Navigation Links
Sangamo BioSciences Announces Nature Biotechnology Study Demonstrating the Use of Zinc Finger Nucleases to Generate HIV Resistant T Cells
Date:6/30/2008

Preclinical Animal Data Demonstrates Promising Therapeutic Strategy for

HIV/AIDS

RICHMOND, Calif., June 30 /PRNewswire-FirstCall/ -- Sangamo BioSciences, Inc. (Nasdaq: SGMO) announced today the publication of data demonstrating that human immune system cells (CD4 T-cells) can be made resistant to HIV infection by treatment with zinc finger DNA-binding protein nucleases (ZFN(TM)). The data suggest that the ZFN approach, which results in the permanent modification of the CCR5 gene encoding an important receptor for HIV infection, is a promising strategy for the treatment of HIV/AIDS.

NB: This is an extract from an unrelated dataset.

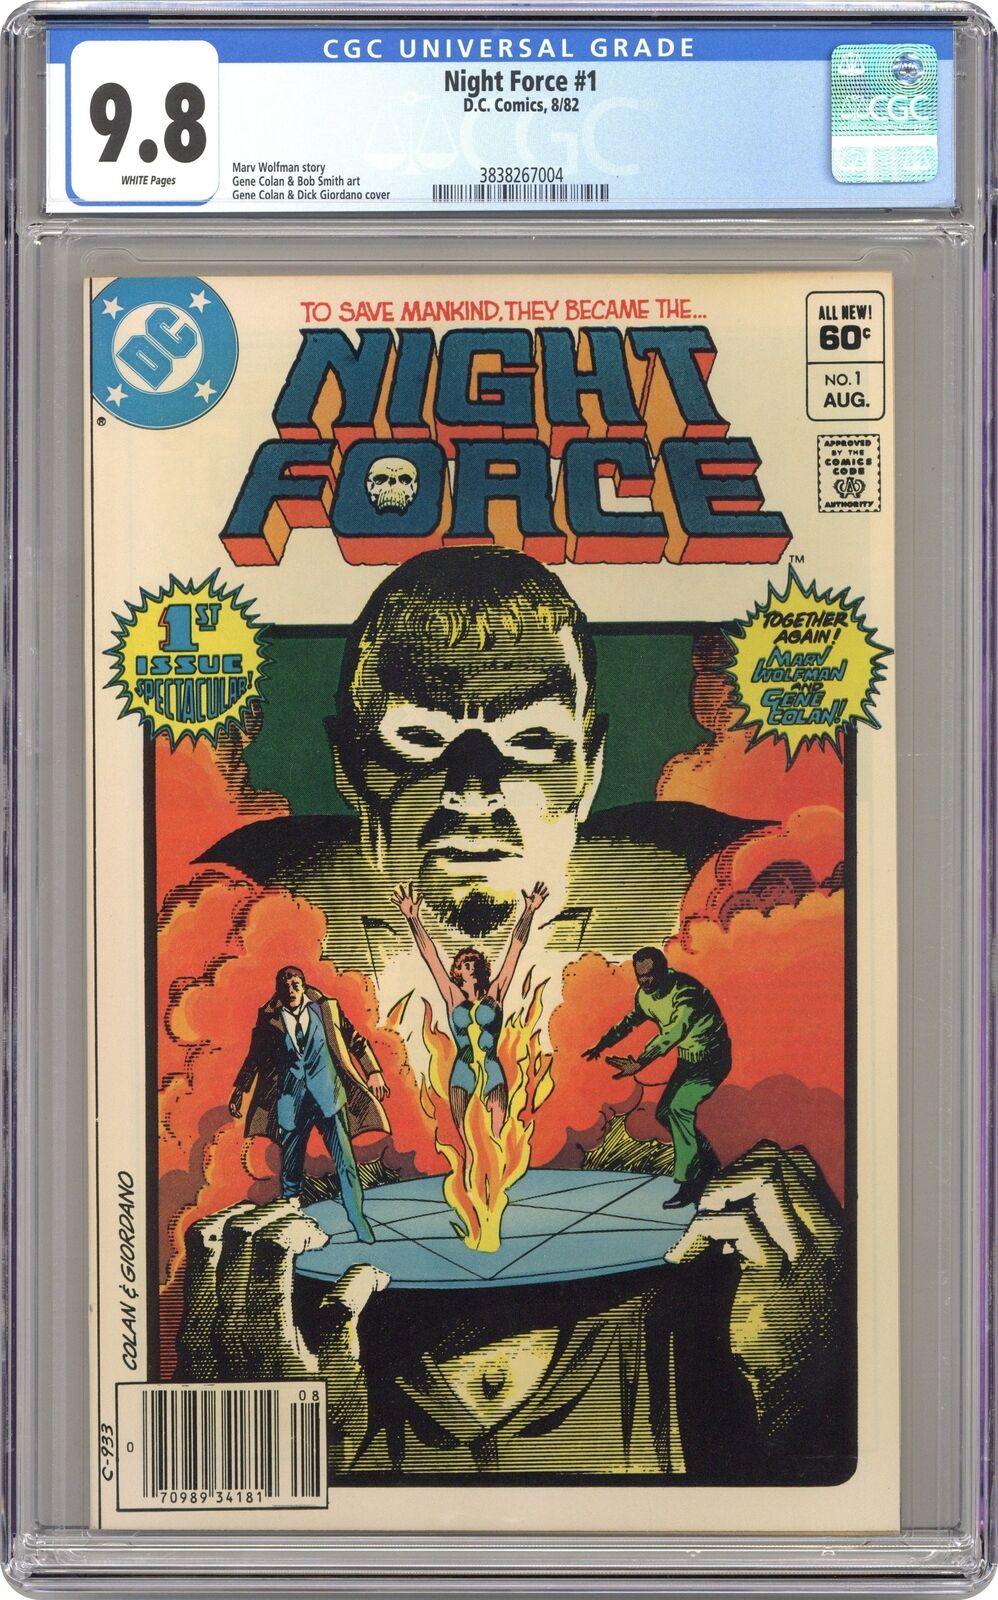 Night Force #1 CGC 9.8 1982 3838267004

The work, which was carried out in the laboratory of Carl June, M.D., Director of Translational Research at the Abramson Family Cancer Research Institute at the University of Pennsylvania School of Medicine, in collaboration with Sangamo scientists, was published as an Advance Online Publication in Nature Biotechnology (http://www.nature.com/nbt/journal/vaop/ncurrent/abs/nbt1410.html).

"A ZFN approach represents the 'next generation' of HIV-entry blocking agents and a potentially promising class of anti-HIV compounds," said, Dr. June who is the senior author of the study. "These proof of principle data, together with experience from individuals that carry a natural mutation in their CCR5 gene suggest that permanent 'knock-out' of the of CCR5 gene is important and clinically relevant for long-term resistance to HIV infection and, we believe, may prove to be more effective than temporary 'knock down' approaches based on small molecule inhibitors, antibodies, antisense or RNAi."

Sangamo's ZFNs are designed to permanently modify the DNA sequence encoding CCR5, a co-receptor that enables HIV to enter and infect cells of the immune system. Individuals carrying a naturally occurring mutation of their CCR5 gene, a variant known as CCR5-delta32, have been shown to be resistant to HIV infection.

"The data described in this paper are an important demonstration of the potential therapeutic properties of our product," commented Dale Ando, M.D., Sangamo's vice president of therapeutic development and chief medical officer. "We have demonstrated that a single treatment with our CCR5-specific ZFNs generates a population of HIV-resistant human T-cells similar to the situation in individuals carrying the natural CCR5-delta32 mutation. ZFN-modification of these cells is permanent and makes them resistant to HIV. The modified cells preferentially survive and expand in an animal after HIV infection, providing a reservoir of healthy and uninfectable immune cells. Furthermore, we observed that animals given the ZFN-modified cells had increased numbers of CD4 cells and substantially lower levels of HIV in their blood compared to animals given non-modified cells demonstrating statistically significant protection from the virus. In an HIV-infected patient, such modified cells could be available as a protected reservoir within the immune system to fight both opportunistic infections and HIV itself."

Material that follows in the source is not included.